The same placement study used to determine the predictive validity of a test can be used to determine an optimal cut score for the test.

I would like to do an admission validity study.
I would like to do a predictive placement validity study.

Concurrent Validity needs to be examined whenever one measure is substituted for another, such as allowing students to pass a test instead of taking a course. Concurrent validity is determined when test scores and criterion measurement(s) are either made at the same time (concurrently) or in close proximity to one another. For example, a successful score on the CLEP® College Algebra exam may be used in place of taking a college algebra course. To determine concurrent validity, students completing a college algebra course are administered the CLEP College Algebra exam. If there is a strong relationship (correlation) between the CLEP exam scores and course grades in college algebra, the test is valid for that use.
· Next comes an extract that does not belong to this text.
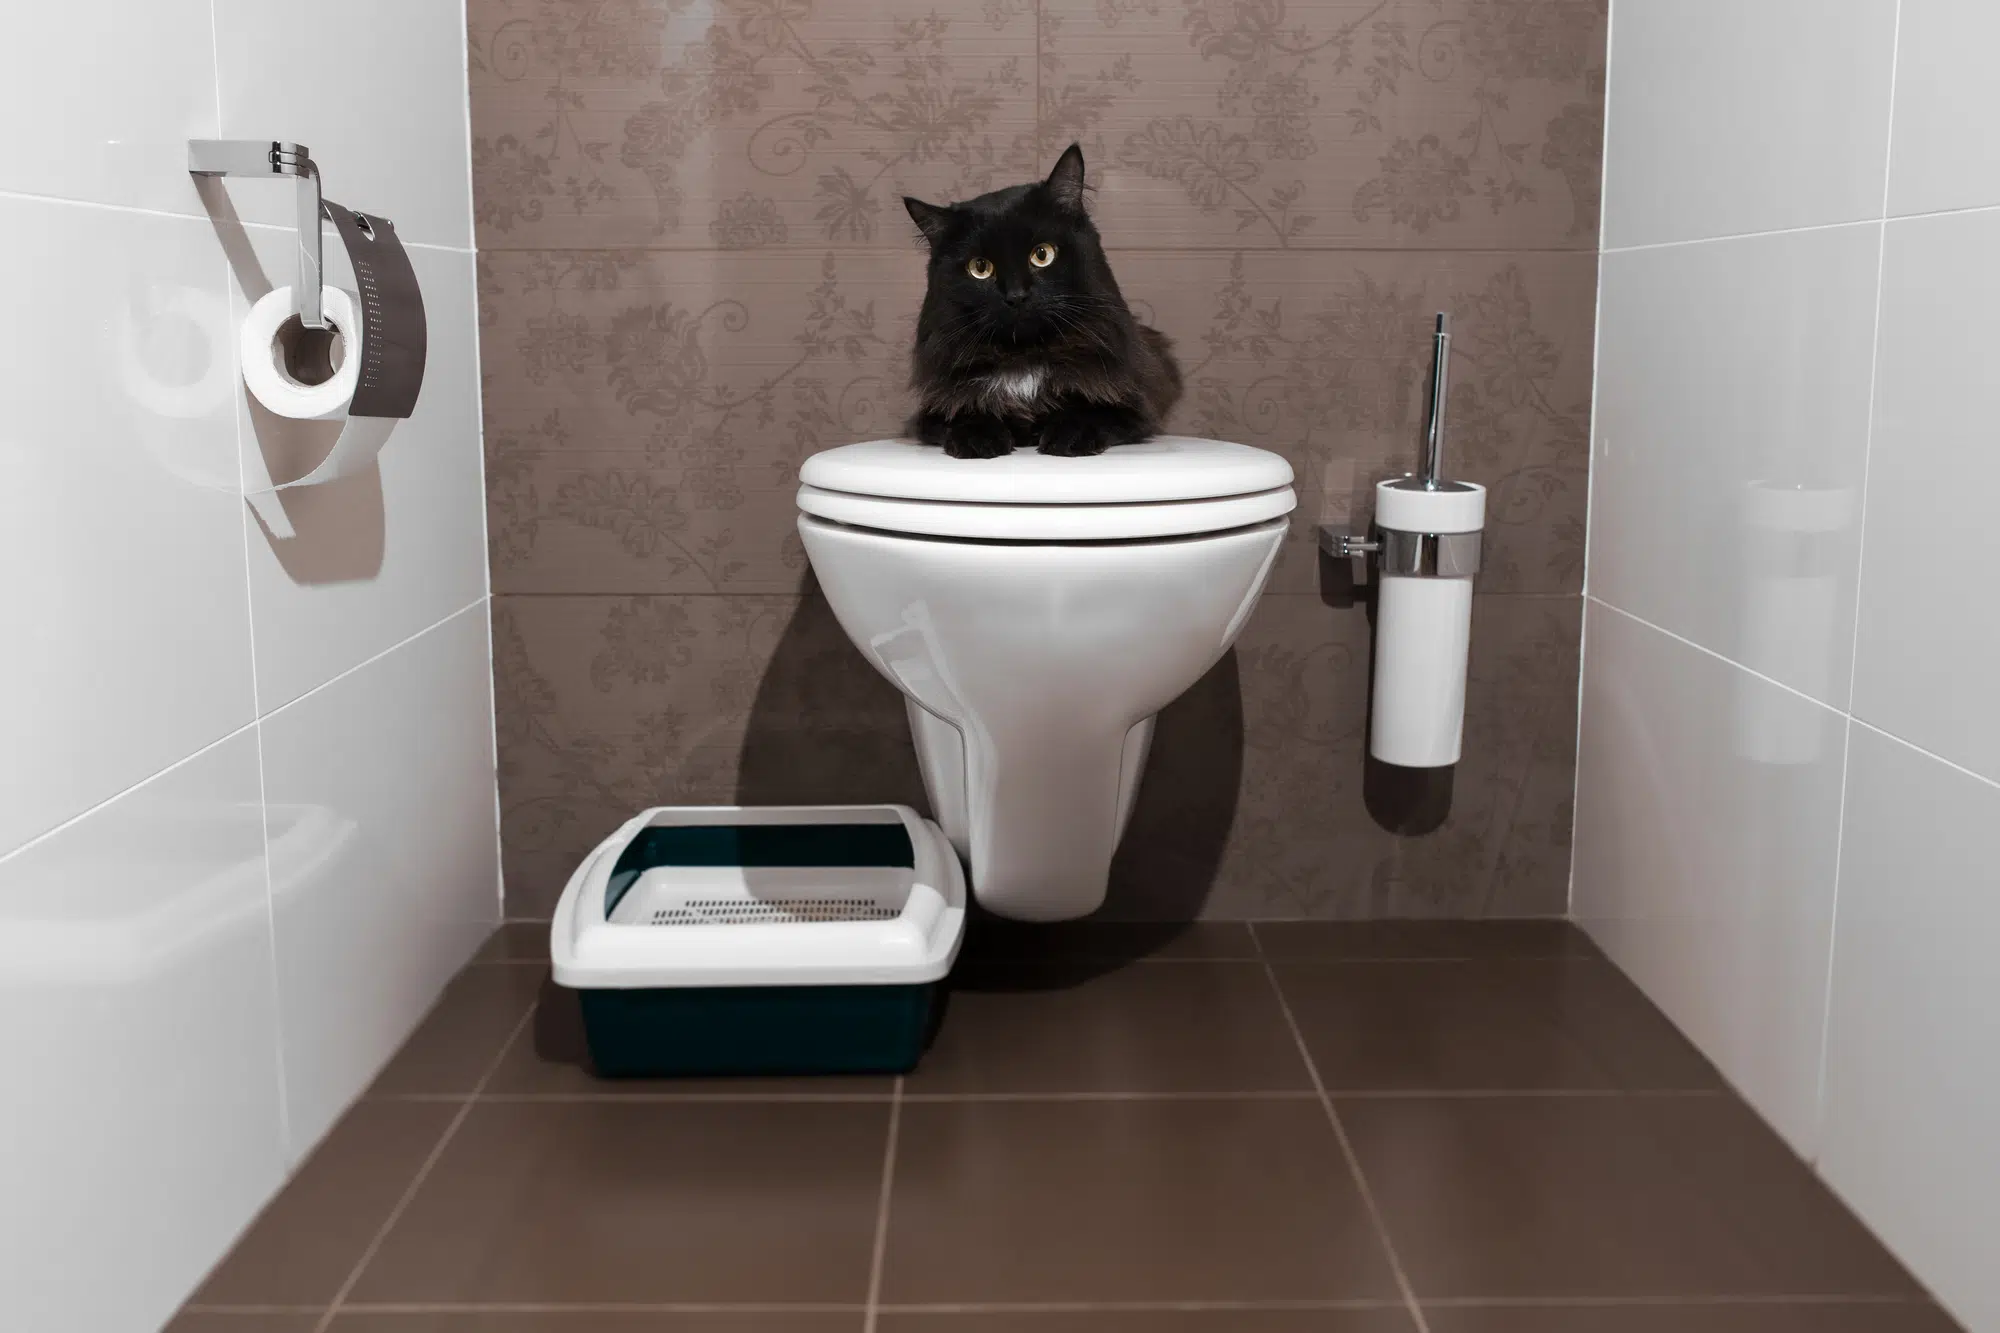 Cute kitten in the toilet

I would like to do a concurrent placement validity study.

Construct Validity

Construct validity refers to the degree to which a test or other measure assesses the underlying theoretical construct it is supposed to measure (i.e., the test is measuring what it is purported to measure).
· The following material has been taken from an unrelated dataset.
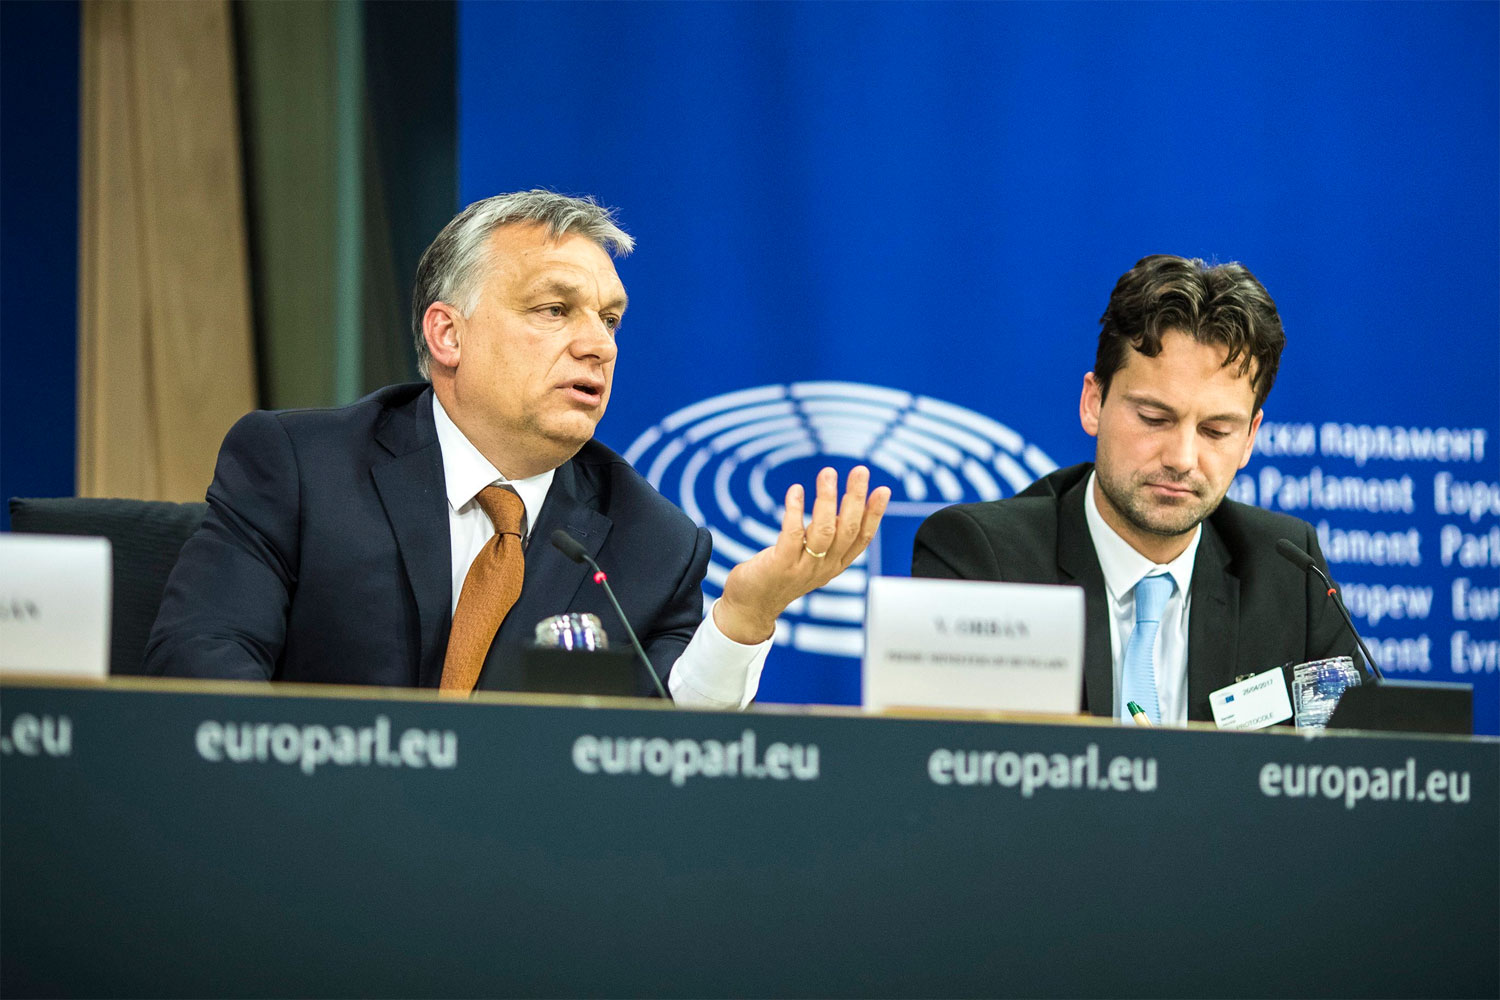 A Miniszterelnöki Sajtóiroda által közreadott képen Orbán Viktor miniszterelnök (b) nemzetközi sajtótájékoztatót tart az Európai Parlament plenáris ülése után Brüsszelben 2017. április 26-án. A kormányfő felszólalt az alapjogok magyarországi helyzetével foglalkozó ülésen. Mellette Havasi Bertalan, a Miniszterelnöki Sajtóiroda vezetője (j). MTI Fotó: Miniszterelnöki Sajtóiroda / Szecsődi Balázs

As an example, think about a general knowledge test of basic algebra. If a test is designed to assess knowledge of facts concerning rate, time, distance, and their interrelationship with one another, but test questions are phrased in long and complex reading passages, then perhaps reading skills are inadvertently being measured instead of factual knowledge of basic algebra.

Construct validation requires the compilation of multiple sources of evidence. In order to demonstrate construct validity, evidence that the test measures what it purports to measure (in this case basic algebra) as well as evidence that the test does not measure irrelevant attributes (reading ability) are both required. These are referred to as convergent and discriminant validity.
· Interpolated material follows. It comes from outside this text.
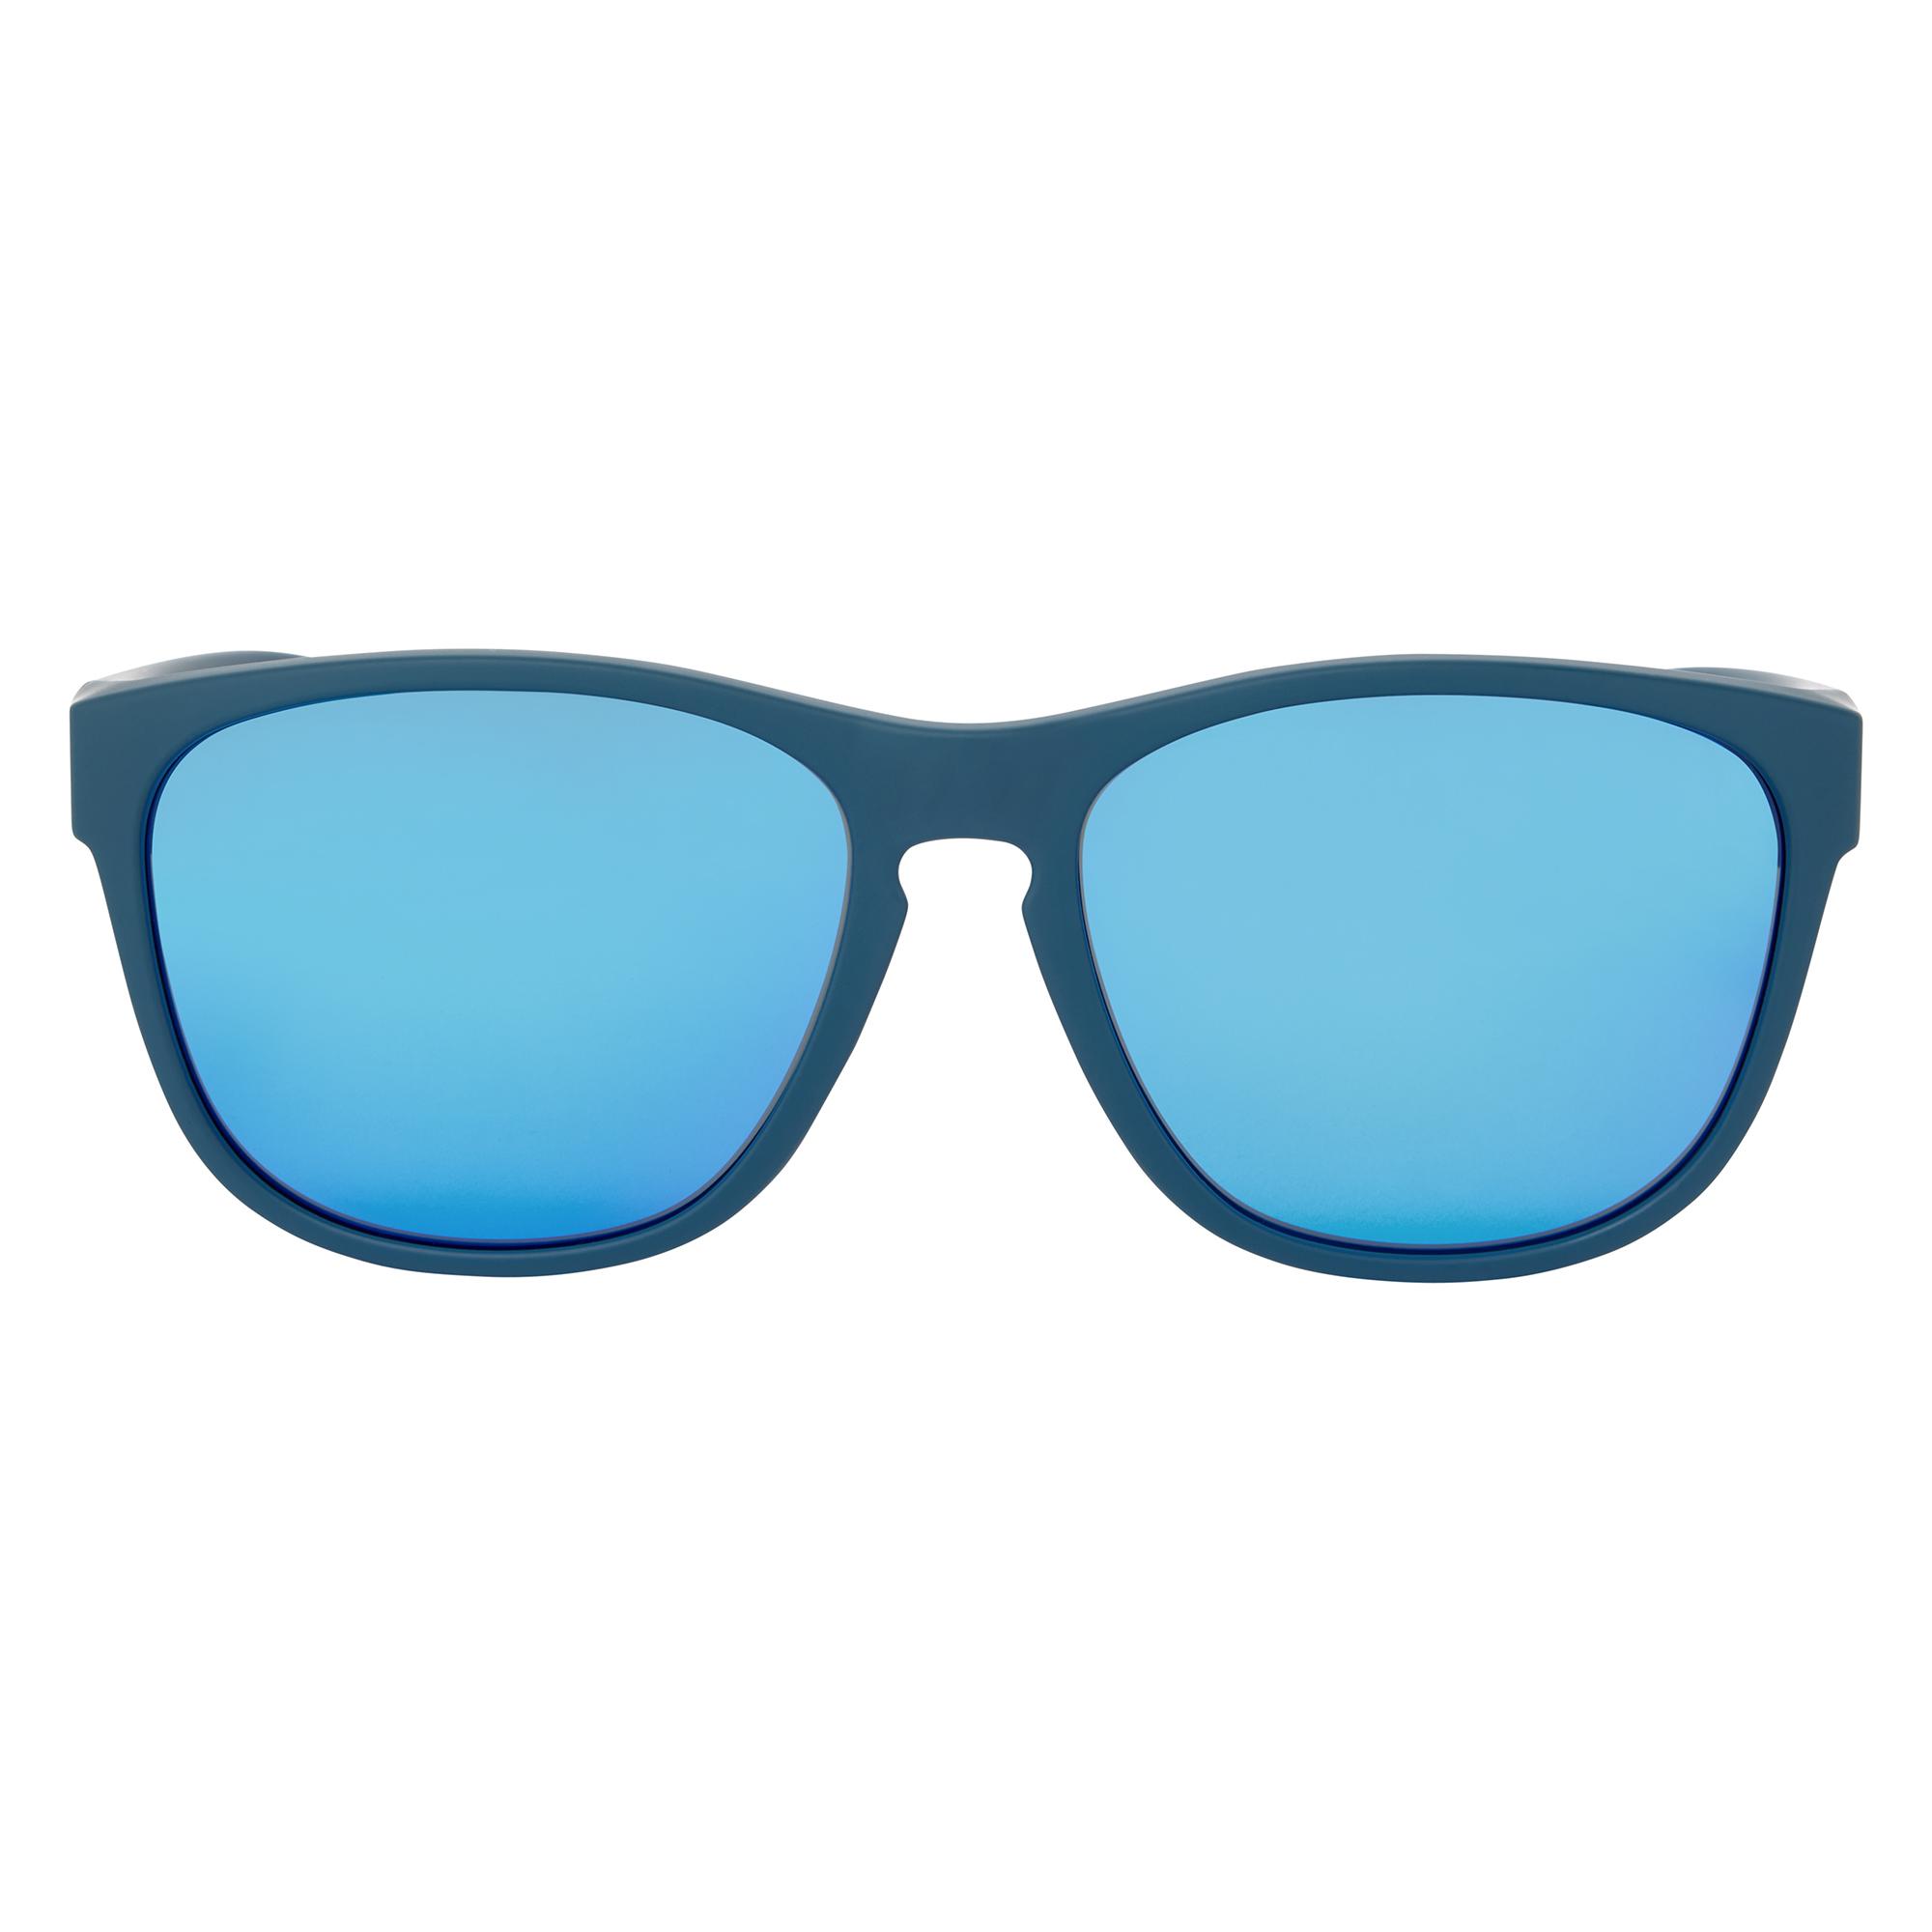 Dhb Umbra Sunglasses  Navy/blue

Convergent validity consists of providing evidence that two tests that are believed to measure closely related skills or types of knowledge correlate strongly. That is to say, the two different tests end up ranking students similarly.

Discriminant validity, by the same logic, consists of providing evidence that two tests that do not measure closely related skills or types of knowledge do not correlate strongly (i.e., dissimilar ranking of students).

Both convergent and discriminant validity provide important evidence in the case of construct validity. As noted previously, a test of basic algebra should primarily measure algebra-related constructs and not reading constructs. In order to determine the construct validity of a particular algebra test, one would need to demonstrate that the correlations of scores on that test with scores on other algebra tests are higher than the correlations of scores on reading tests.

Consequential Validity

Some testing experts use consequential validity to refer to the social consequences of using a particular test for a particular purpose. The use of a test is said to have consequential validity to the extent that society benefits from that use of the test. Other testing experts believe that the social consequences of using a test—however important they may be—are not properly part of the concept of validity.

Messick (1988) makes the point that ". . . it is not that adverse social consequences of test use render the use invalid but, rather, that adverse social consequences should not be attributable to any source of test invalidity such as construct–irrelevant variance."

For example, suppose some subgroups obtain lower scores on a mathematics placement test and, consequently, are required to take developmental courses. According to Messick, this action alone does not render the test scores invalid. However, suppose it was determined that the test was measuring different traits for the particular subgroup than for the larger group, and those traits were not important for doing the required mathematics. In this case, one could conclude that the adverse social consequences (e.g., more subgroup members in developmental mathematics courses) were caused by using the test scores and were traceable to sources of invalidity. In that case, the validity of the test use (course placement) would be jeopardized.